Somehow her logic was not improving my mood. Part of the reason Mr. Appleby had been the first Crestie to forgive my dad for losing scads of money was because he was the only one smart enough not to invest with my dad, or so I assumed. My guess was Jake wasn’t about to get the same kind of leniency. I was about to sigh again, but I caught myself just in time. Kids from school crowded the football field, gathering around the kettle corn booth and clamoring for the next shot at the strongman test. There were some younger moms there with their kids in strollers, most of whom had already dropped a buck for balloons, so colorful orbs bobbed around everywhere. It was festive in that quaint, autumnal Orchard Hill way.

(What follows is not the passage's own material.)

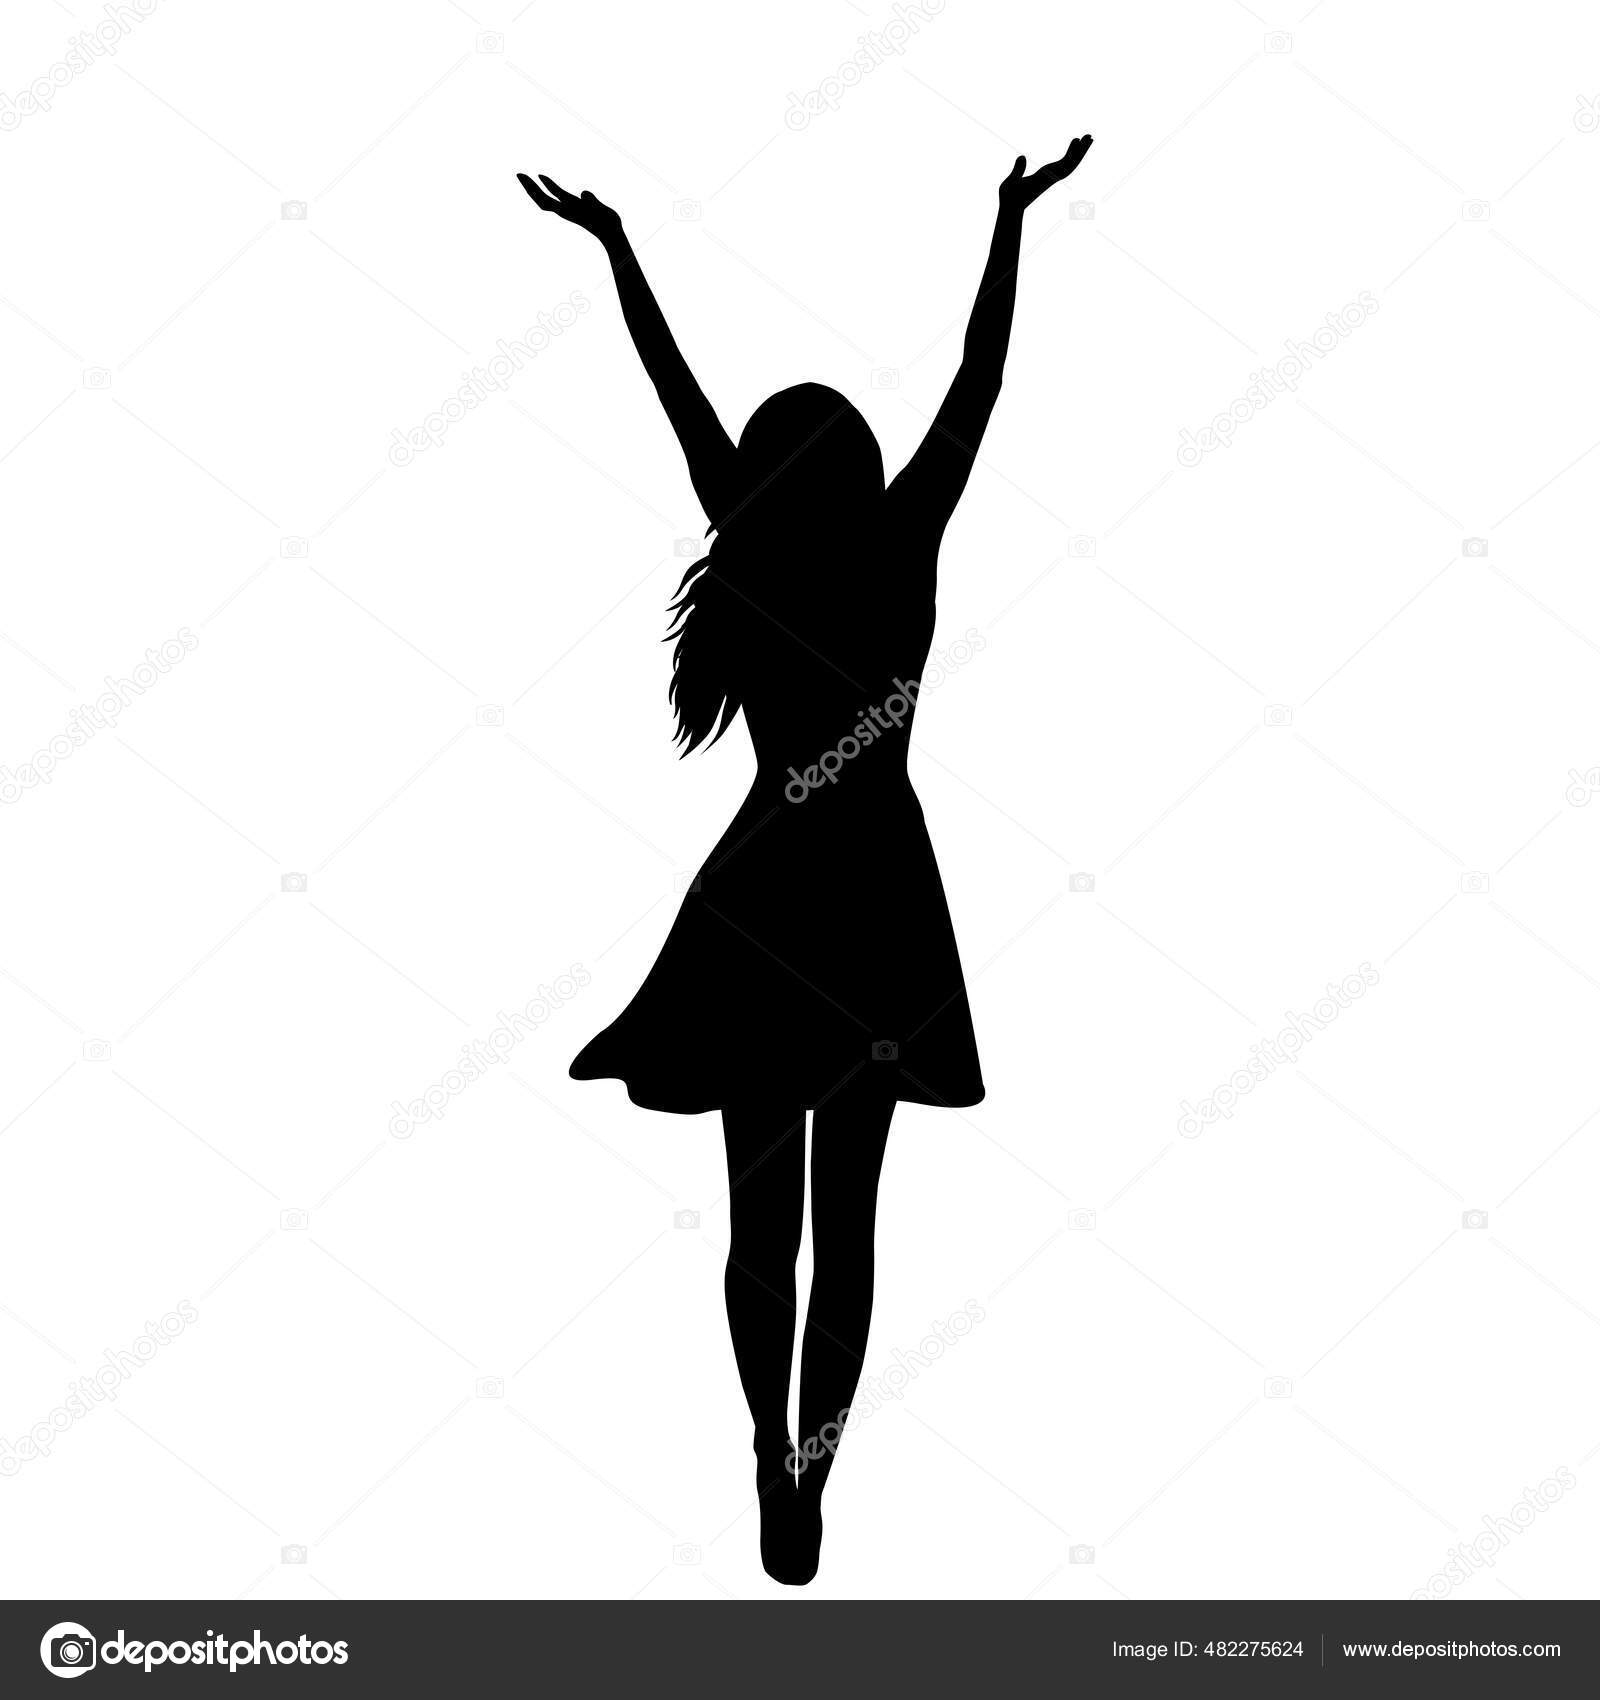 2,036,556 Woman Silhouette Images, Stock Photos, 3D objects

I stared out at the happy faces surrounding me and couldn’t help feeling the tiniest bit jealous. This was my senior year. My last Harvest Festival. Potentially my last fall in Orchard Hill. Shouldn’t I be having fun instead of obsessing about my boyfriend and the girl he’d gotten preggers?
“This sucks,” I muttered, picking at a piece of lint on my cords.
“Well, we’re not making any money being depressing and pouty,” Faith said. Then she stood up, plastered on a grin, and started shouting. “Face painting! Two dollars! Two dollars to be transformed into a totally original walking piece of art!”
Faith was just roping in a second grader and her mom when Annie came bounding over to us wearing her black-and-white-striped tights, a black tulle skirt, a black long-sleeved T-shirt, and a witch’s hat.